Wednesday, February 27, 2013

Delivering Katrina to University - Day 3 cont…

But wait there's more…

While walking the streets of inner Christchurch Callum wanted to show us some positives. 

Around a corner we came across the container mall. 

Yes that is the two of them posing in the middle of one of the malls!

Now when he first told me about it I was thinking of some old rusty containers but no, Cantabrians have constructed a pleasant place from these and it was a buzz with some people making music and enjoying the late afternoon.

Yes these are all made from containers.
There were banks, cafes, clothing outlets and generally a good section of places to call into with the security that nothing was really going to flatten a container. while you were in there doing what was needed to be done.

And yes even there I was just part of some of the tourists wanting to take snapshots of the aftermath of the quakes. 

We walked to the museum and were able to escape the glare of the earthquakes damage by enjoying all that a museum should be. If you call into Christchurch do visit it.
I loved it and remarked that I hoped they would never turn it into a place like Te Papa in Wellington.

Back in the Wizard we drove through the peak hour traffic and I came across this. 
Now to me it looked like the remains of the Twin Towers in New York but I wondered if it was to do with Christchurch. 
It had little lights on in the buildings and was overgrowing as if it had been left to ruin.
It was up high on what looked like the bottom level of a crane. You can see the rungs of the internal ladder to give you an idea of its size.
If anyone knows what this was or its significance do let me know.

As we headed out of the city centre we saw some houses that had been “red zoned” – unfit to live in, and others that were “green zoned” 'safe'. In the midst of it all we stopped at the lights by the Methodist Pacific Island church. There it was all fenced with its steeple on the ground, brinks missing and a gaping whole. The lawns and gardens could no long be attended to. And as I watched thinking of the parishioners who could no longer worship in this building the light hanging down swung in the wind. How I inwardly wept for these people.

And then we passed the Foodstuffs Depot and the lawns were perfectly mowed and the flowers in the gardens bloomed beautifully. And in all the drought and catastrophe of Christchurch I thought here was something to support Christchurch and show the world that, they are strong and will keep going.

Dinner that night was with Callums mother and partner and I listened as he told us about the vast other areas of Christchurch that had been damaged.

Tuesday, February 26, 2013

Delivering Katrina to University - Day 3

Our first full day in Christchurch was one of mixed feelings. 

We met up with Katrina and Callum again and went to the University of Canterbury for Katrina to get her Student card and to have a look around the lovely campus. I noted it had lovely grass areas and plenty of trees, but alas there was a building that is still waiting to be demolished because of the earthquakes.
Christchurch was hit by two devastating earthquakes. One in September 2010 and another in February 2011.

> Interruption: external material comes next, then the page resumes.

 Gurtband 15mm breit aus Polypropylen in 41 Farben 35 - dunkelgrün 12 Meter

February 22nd 2011, 12:51 pm NZDT Christchurch was rocked by a magnitude 6.3 earthquake at a depth of 5 km, which killed 185 people and injured several thousand. 

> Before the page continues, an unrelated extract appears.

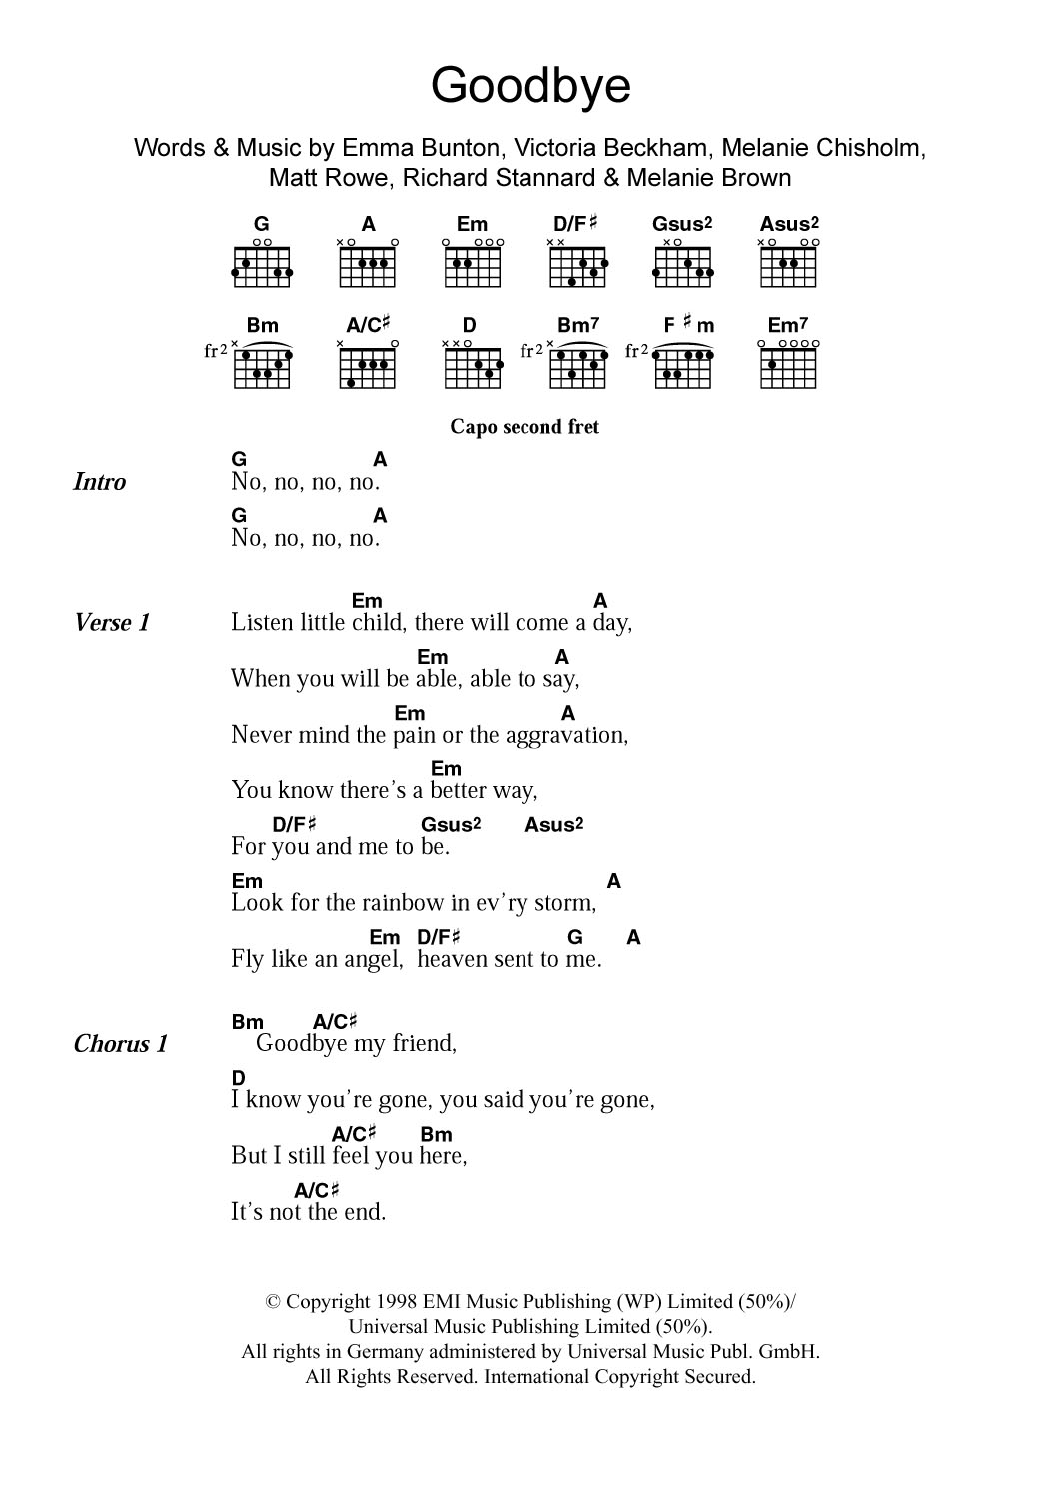 Spice Girls Goodbye Sheet Music Notes & Chords for Guitar Chords/Lyrics - Download or Print PDF

One of the main student buildings within the university campus has been closed and is to be demolished but it still stands two years later. Walking past it there was a sense of uneasiness for me as the emptiness and vacant look of the place was close at hand.

We then went into the city centre and there Callum showed us around some of the places that were damaged, destroyed or demolished because of this earth quake.

Everywhere there were fences to stop/protect us from the demolition sites.
Buildings were in a mix of total disappearance, being destroyed or boarded up like something from a movie after a human wiping pandemic. It felt like you were in a ghost town.

On the odd occasion I saw Caullum trying to work out where we were by looking for something he could use as a landmark and this from a young man who has lived here most of his life.
We could not get any closer to the famous Christchurch landmark, The Cathedral, that was severely damaged, than these pics showed.
Streets were in confusion. There were cones everywhere as permanent diversions and street closures meant that it was confusing as to where one could drive, park or walk.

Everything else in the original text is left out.